I was then asked to enter a cell which had a metal grill outer door and a wooden one inside with a small window at eye level. I refused again for the above reasons and asked to make a police statement on what I now considered human rights violations.

A police contingent of four officers arrived. I explained the story and some long discussions took place in a local language with the ARM staff. The police officers made it clear they would not assist in throwing me physically into a cell and they did not consider two missing empty pages as a basis for such action. However they refused to let me file an official police report.

I then slept on the floor of the reception area, after being told I was not allowed to sleep on the seat/bench along the wall of the reception area (all this recorded by a CCTV camera right overhead with me regularly making statements of what was happening directly into this camera).

I asked for medication out of my checked bag. I was told it could not be found and that there was a flight at 10:10 am on Sunday on SAA on which I would be deported and that was when I would see my bag again.

There was a shift change the next morning and clearly the new arrivals were briefed and told to ensure that I would enter a cell.

This I had to do when I had to go to a toilet with the only such facilities being in an empty cell, the door was locked behind me.
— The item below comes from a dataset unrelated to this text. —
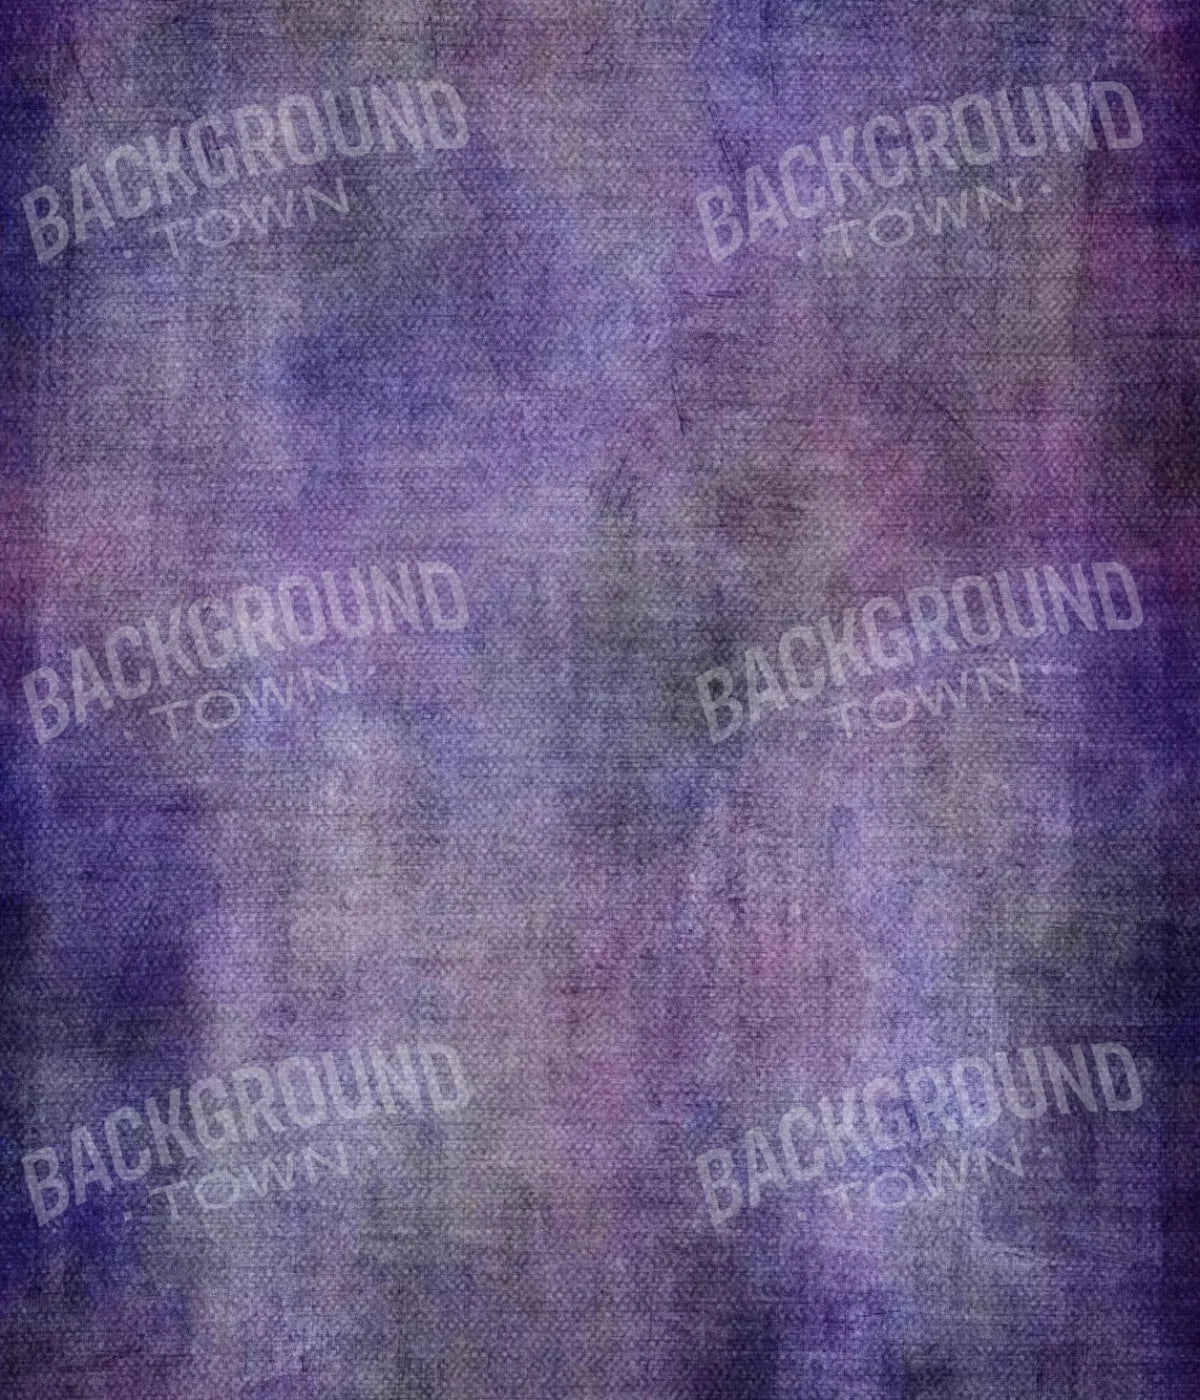 Berrymore 10X12 Ultracloth ( 120 X 144 Inch ) Backdrop

However there was then a phone call from the Swiss consul to ask about the status of the affair and I was allowed to go to the outer office to answer and after that I again refused to go into the cell.

The SAA flight departure time came and went and nobody came to pick me up and the answer from the attendants was there would be another flight in the evening.

I now asked to buy a ticket on Kenya Airways flying two hours later or a Middle Eastern Airline pointing out that I had just returned from Doha with entry and exit stamps and no problem concerning empty pages. I was told my dossier was with SAA and that was the only airline I was allowed to use.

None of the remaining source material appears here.